Back in Guatemala, Asig Cho also highlights nutrition as an advantage.
“The varieties of the seeds that we have in our seed house are from the region of the Maya Achi people, in the northern region of Guatemala,” Asig Cho says. “This ancestral seed has nutritional properties that can prevent malnutrition in children and the family in general.”
A woman sorts barley seeds from the Ethiopian national seed collection. Photo by the Ethiopian Biodiversity Institute
Boosting food security as climate changes
Ebrahim Jahanshiri, Malaysian-based program director at Crops For the Future, an international partnership organization, says local crop varieties are key to boosting food security as climate changes.
Jahanshiri says many underutilized crops, which Crops For the Future is aiming to further develop, are grown in marginal conditions, and that makes them suitable candidates for developing solutions for climate change.

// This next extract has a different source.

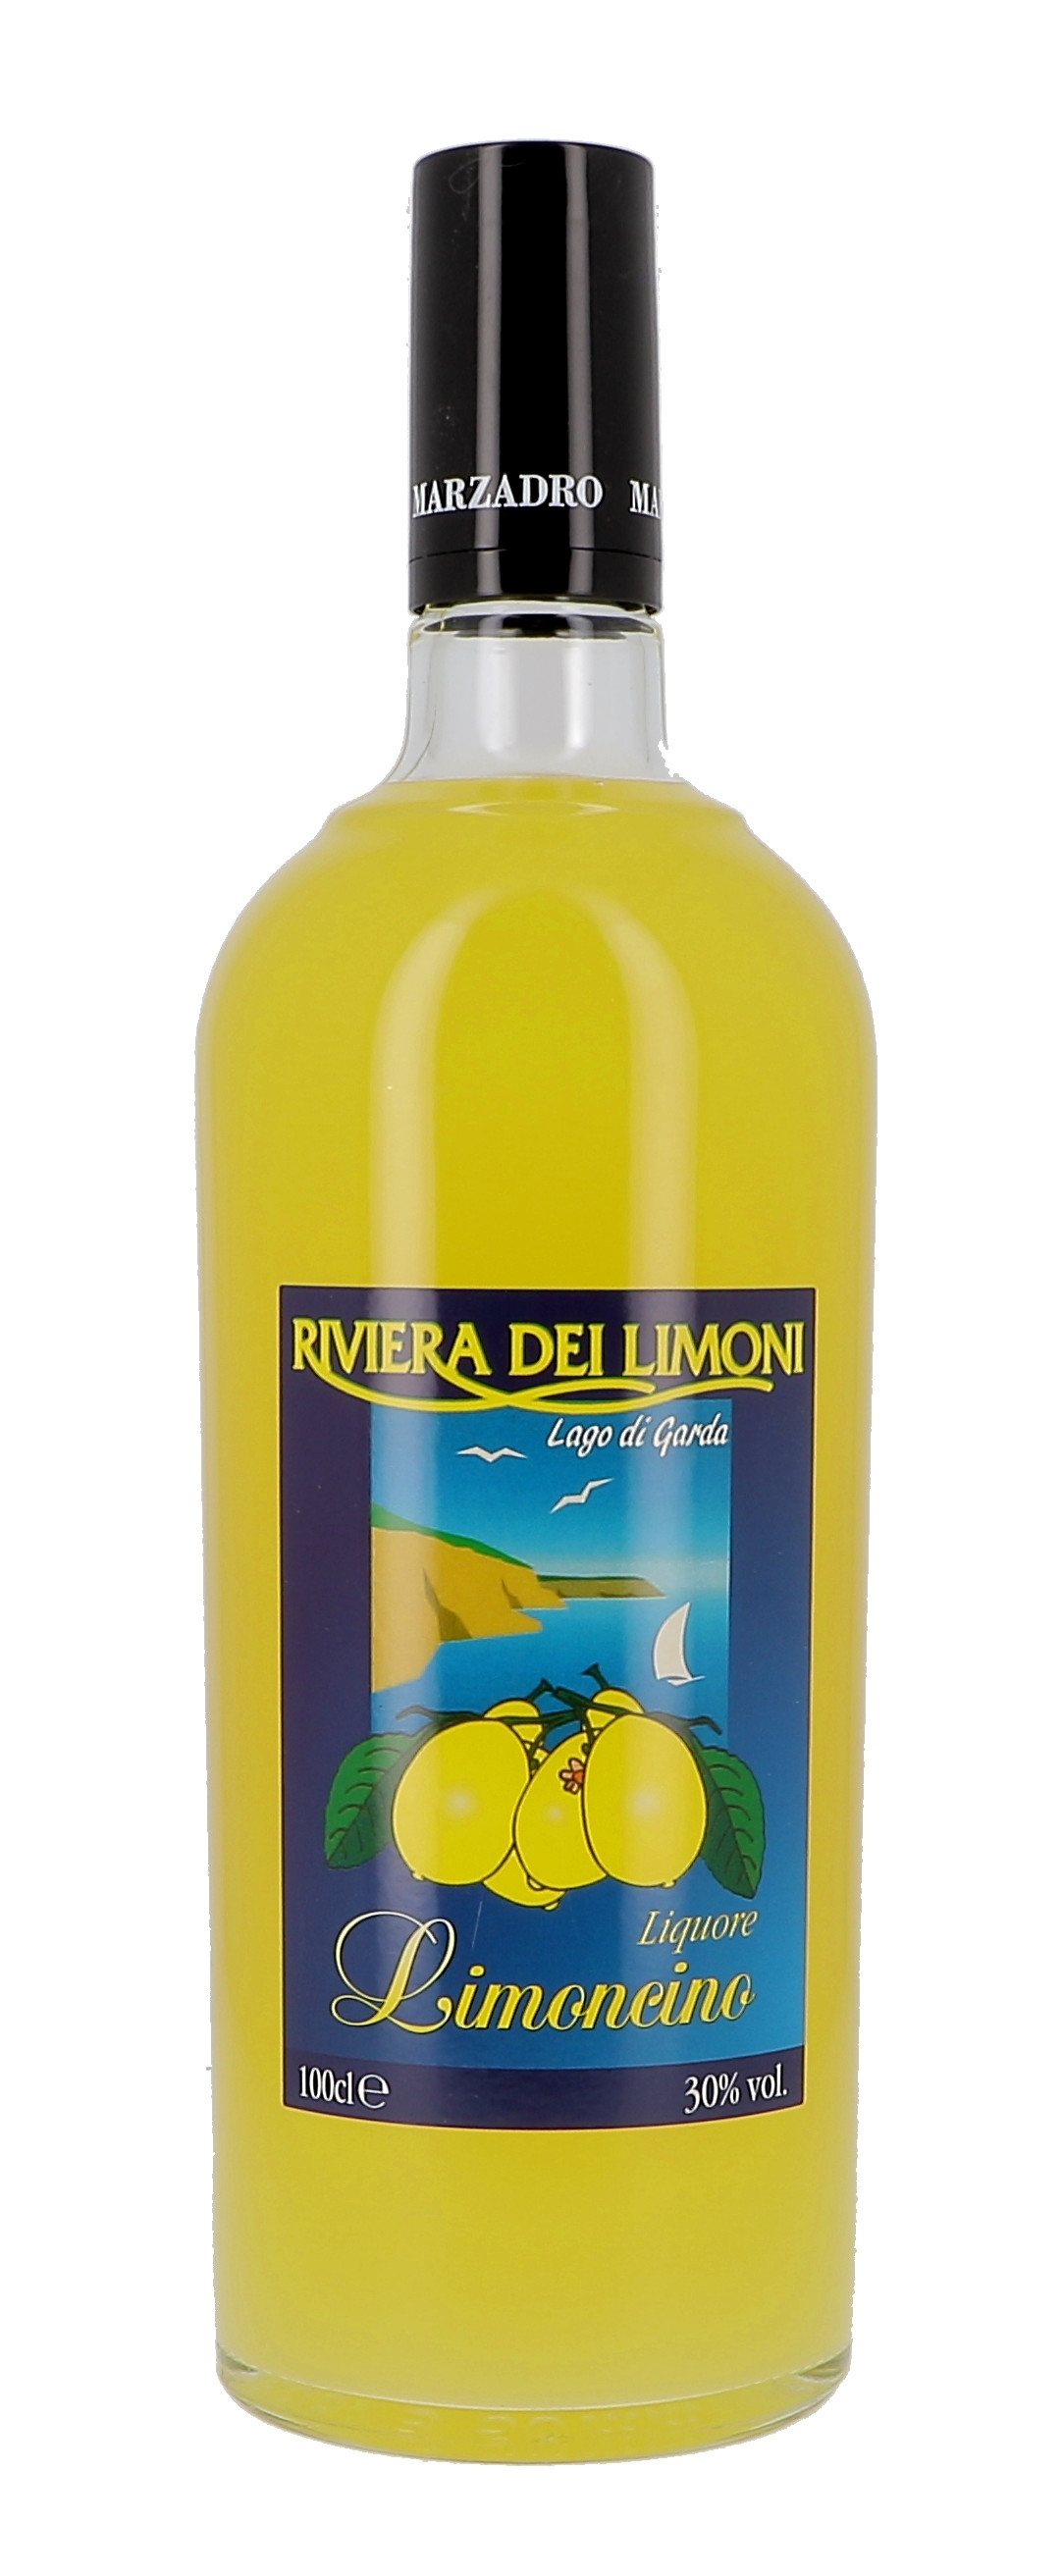 Marzadro Limoncino Rviera dei Limoni 1L 30% Liqueur Limoncello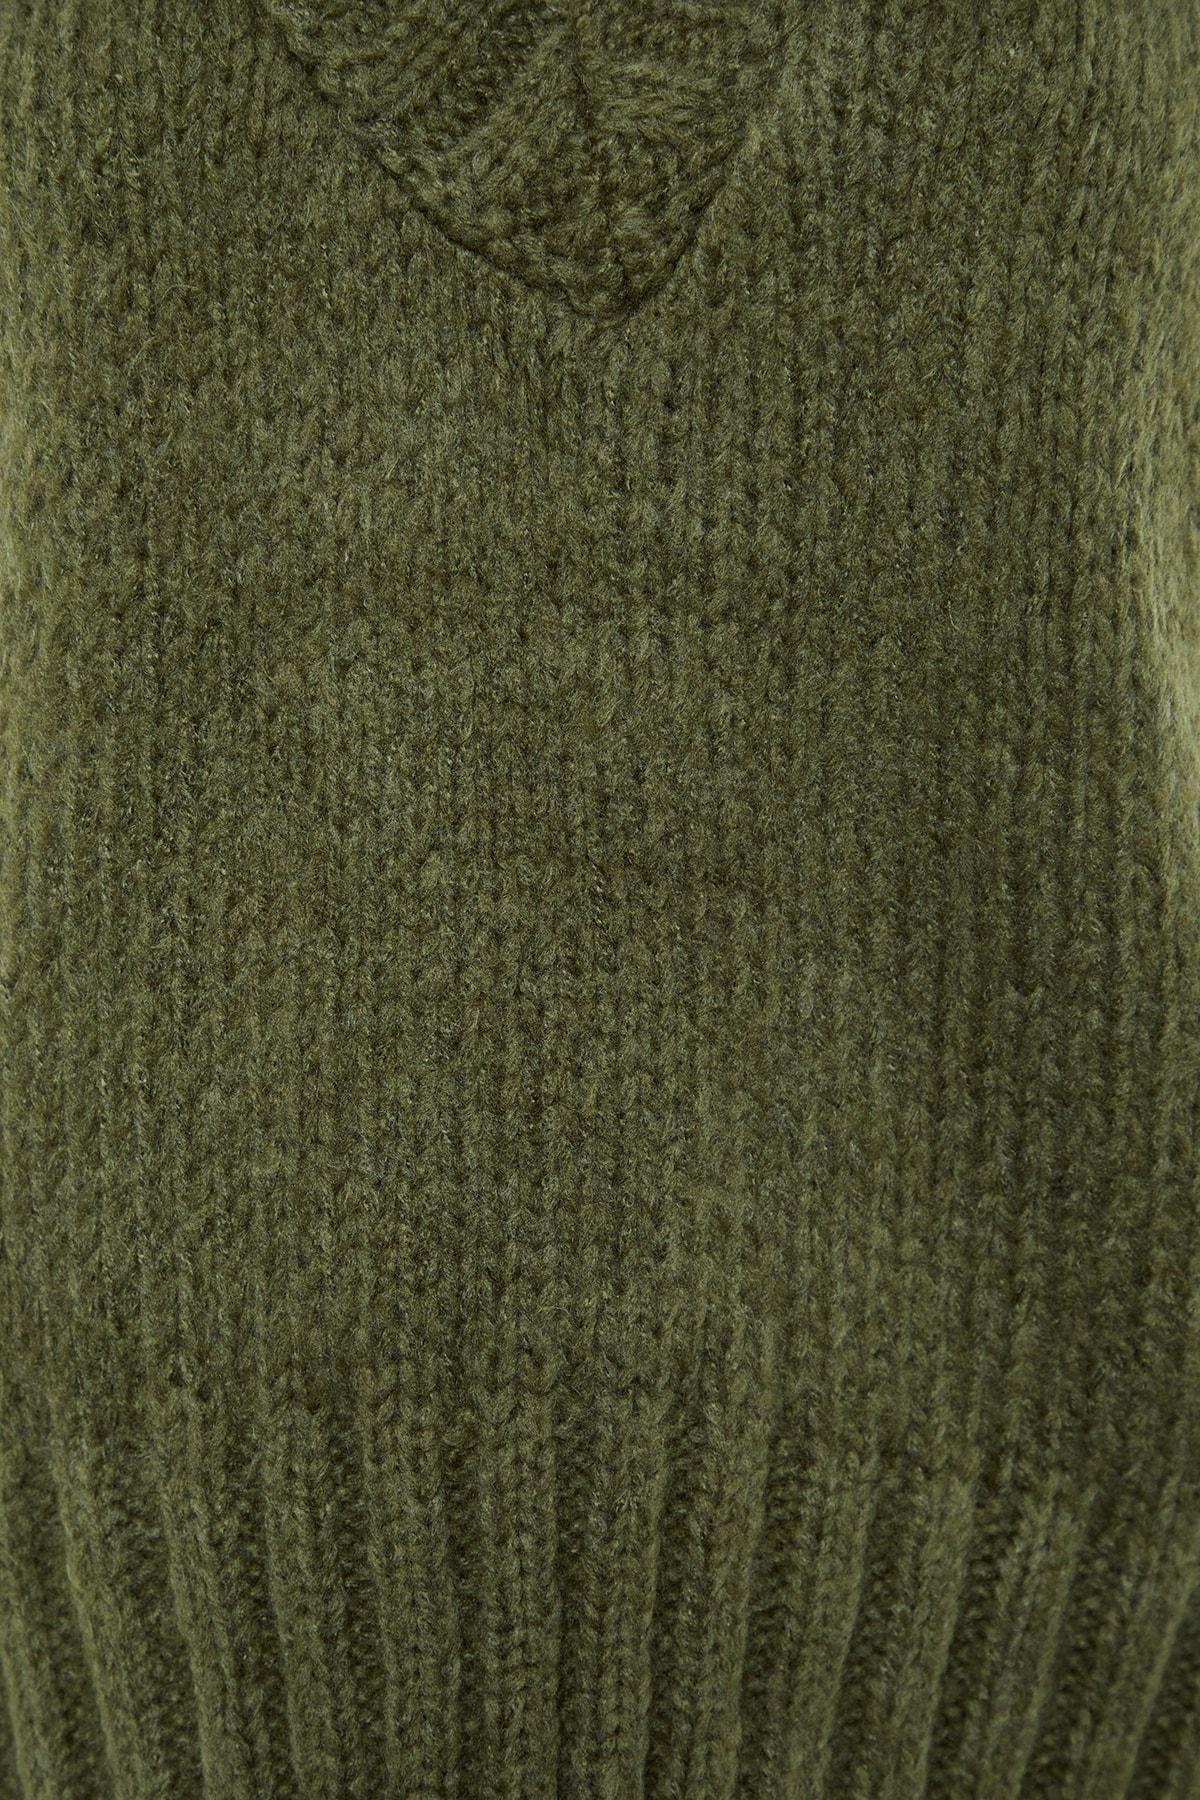 Trendyol - Khaki Knitted Sweater

“A solution might also come from using other adaptable crops in the food system rather than just digging deeper into the genetic makeup of major crops like maize,” Jahanshiri says, “They could also potentially require less investment and quicker returns compared to over-researched crops because the majority of them are native crops that are domesticated locally but are neglected by the governments and researchers.”
Castañeda-Alvarez offers the example of a sorghum variety from Burkina Faso as a good illustration of the potential of traditional varieties.
“A traditional sorghum landrace was rediscovered through participatory plant breeding, and it has traits that help the crop to cope with the changing climatic conditions,” she says.
Preserving tradition
Both Gwin and Asig Cho say that their seed banks are also key to preserving the cultural heritage of their respective Indigenous groups.
Given that the Cherokee people were scattered across the continental U.S., Gwin says that anecdotally, many of those cultivating the traditional varieties see it as part of keeping their traditions alive.
“A lot of Cherokees live in California and they view the opportunity to grow these crops as a tangible connection to their heritage,” he says.
The ideas presented in this article aim to inspire adaptation action – they are the views of the author and do not necessarily reflect those of the Global Center on Adaptation.